Work order
For this exercise, retype each line of the material below verbatim and omit any picture.

Exercise data
%%
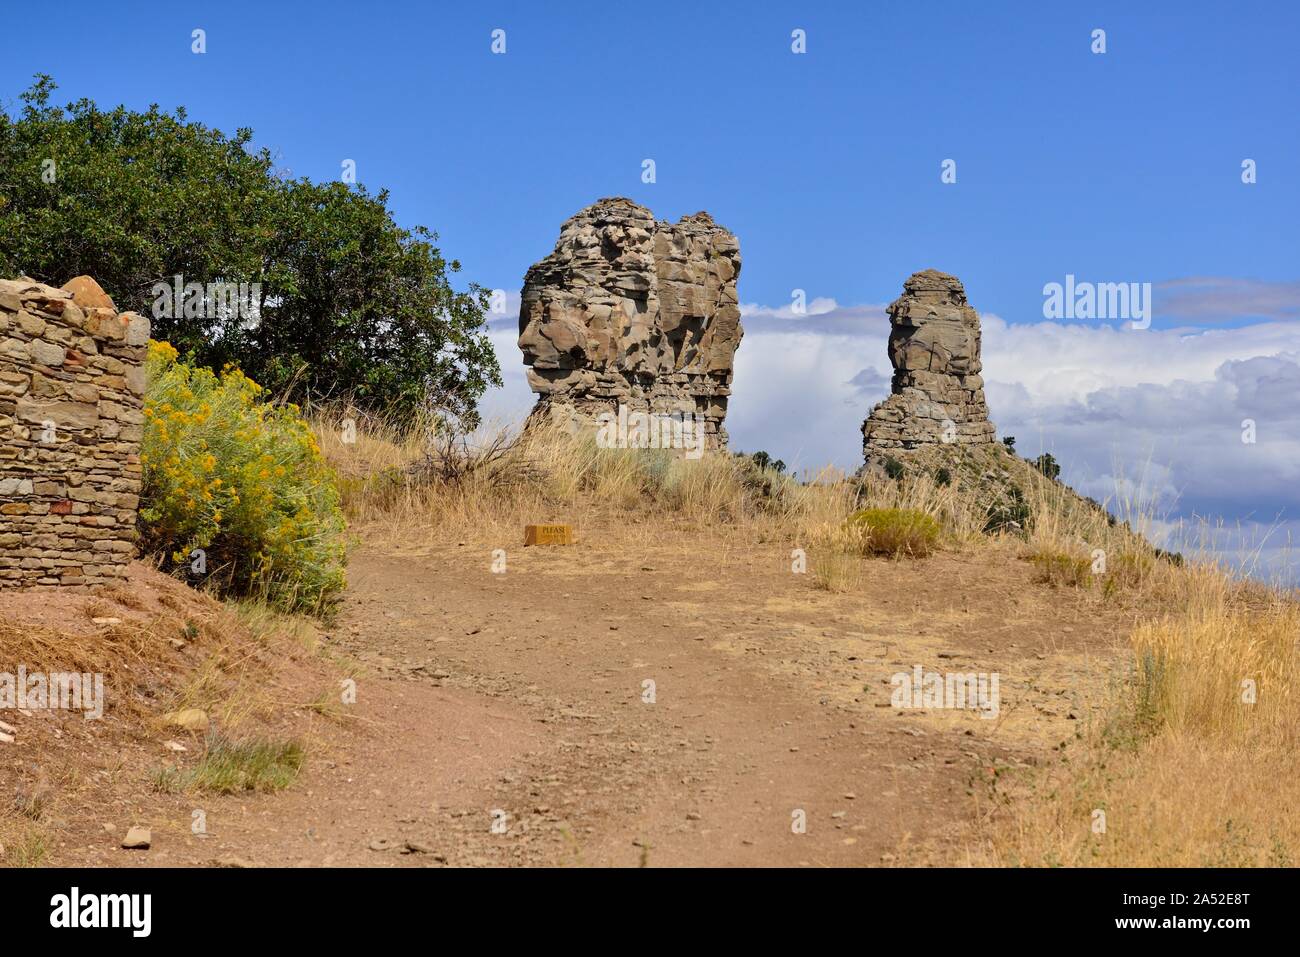 Chimney Rock and Companion Rock, Chacoan room block wall, Chimney Rock National Monument, CO 190911 61299 Stock Photo
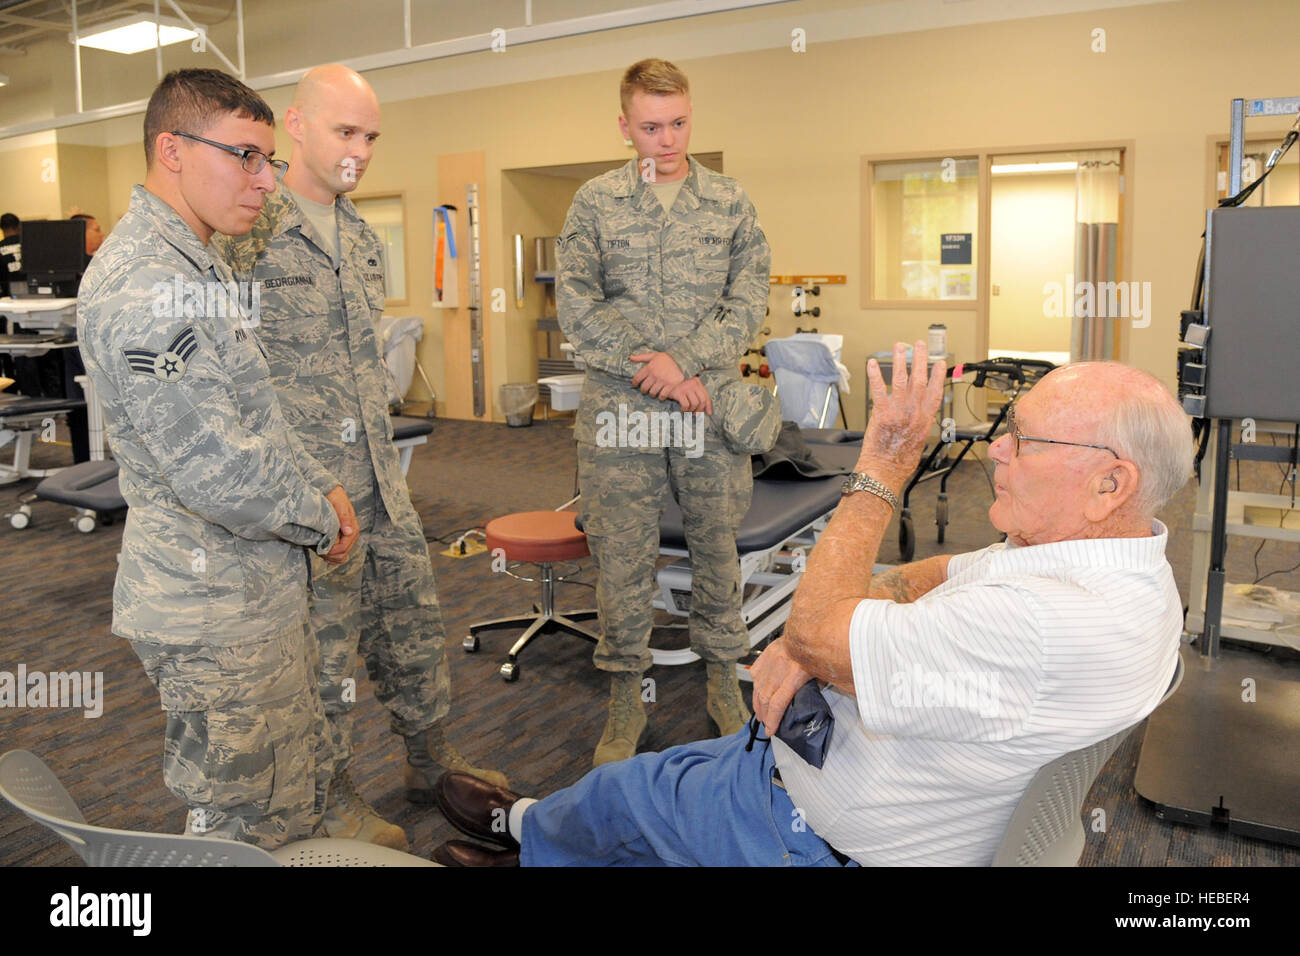 Senior Airman Pierce Ryan 729th Air Control Squadron, Tech. Sgt. Sterling Georgianna, 419th Fighter Wing, and Airman 1st Class Jerod Tipton 388th Fighter Wing, visit with Benjamine Winslow, a veteran at the George E. Wahlen Dept. of Veterans Affairs Medical Center, Salt Lake City, during a service project, Nov. 6, 2014. In honor of Veterans Day, active duty personnel from military bases around Utah, participated side-by-side with NBA players from the Utah Jazz basketball team, in several service projects at the VA Medical Center, Salt Lake City, Utah. (U.S. Air Force photo by Todd Cromar/Relea Stock Photo
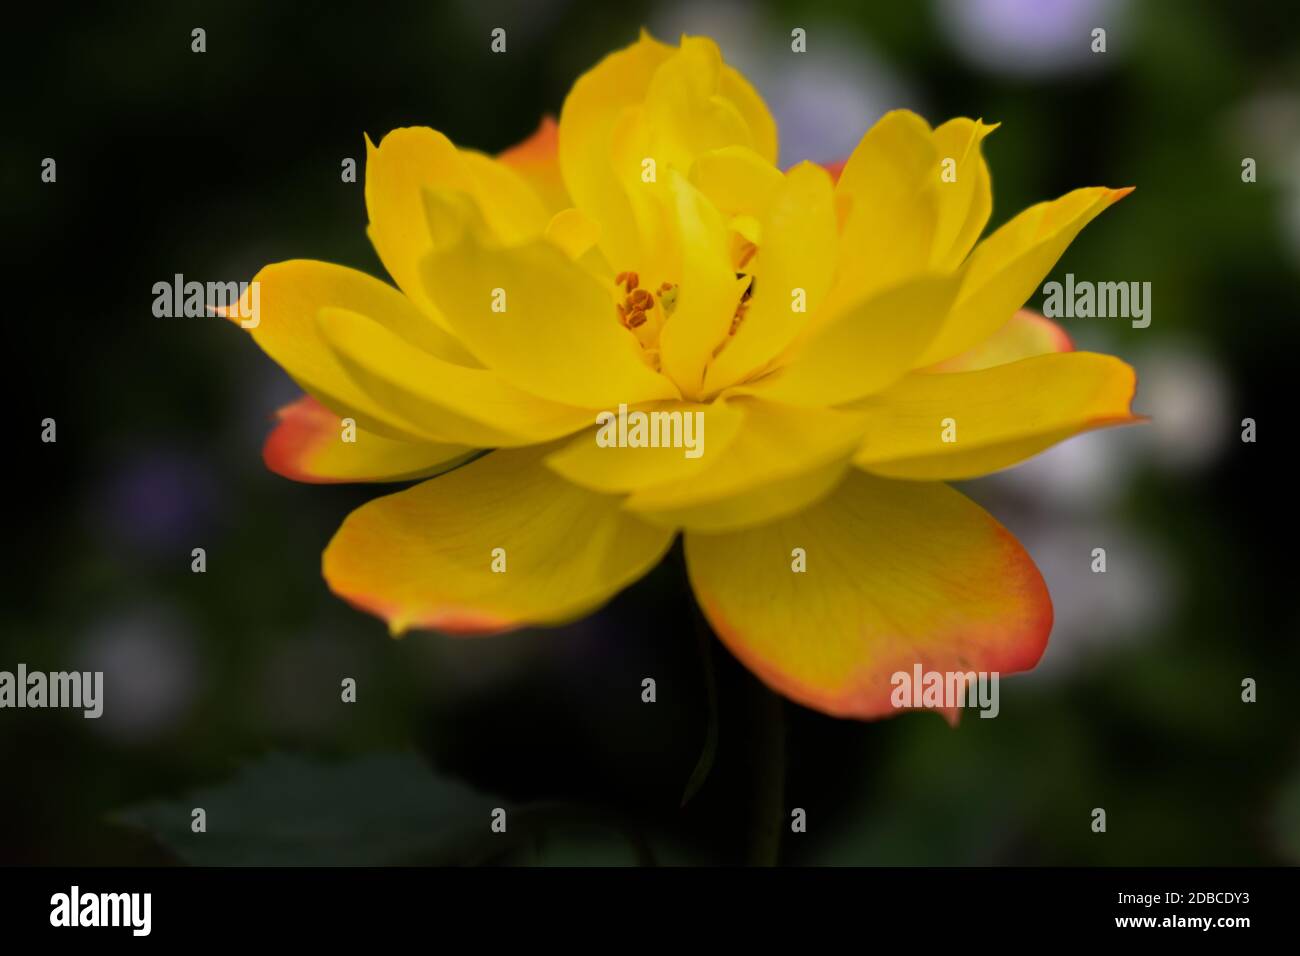 a yellow rose with orange tinged petals on a natural background. Stock Photo
%%
Result
 Chimney Rock and Companion Rock, Chacoan room block wall, Chimney Rock National Monument, CO 190911 61299 Stock Photo
 Senior Airman Pierce Ryan 729th Air Control Squadron, Tech. Sgt. Sterling Georgianna, 419th Fighter Wing, and Airman 1st Class Jerod Tipton 388th Fighter Wing, visit with Benjamine Winslow, a veteran at the George E. Wahlen Dept. of Veterans Affairs Medical Center, Salt Lake City, during a service project, Nov. 6, 2014. In honor of Veterans Day, active duty personnel from military bases around Utah, participated side-by-side with NBA players from the Utah Jazz basketball team, in several service projects at the VA Medical Center, Salt Lake City, Utah. (U.S. Air Force photo by Todd Cromar/Relea Stock Photo
 a yellow rose with orange tinged petals on a natural background. Stock Photo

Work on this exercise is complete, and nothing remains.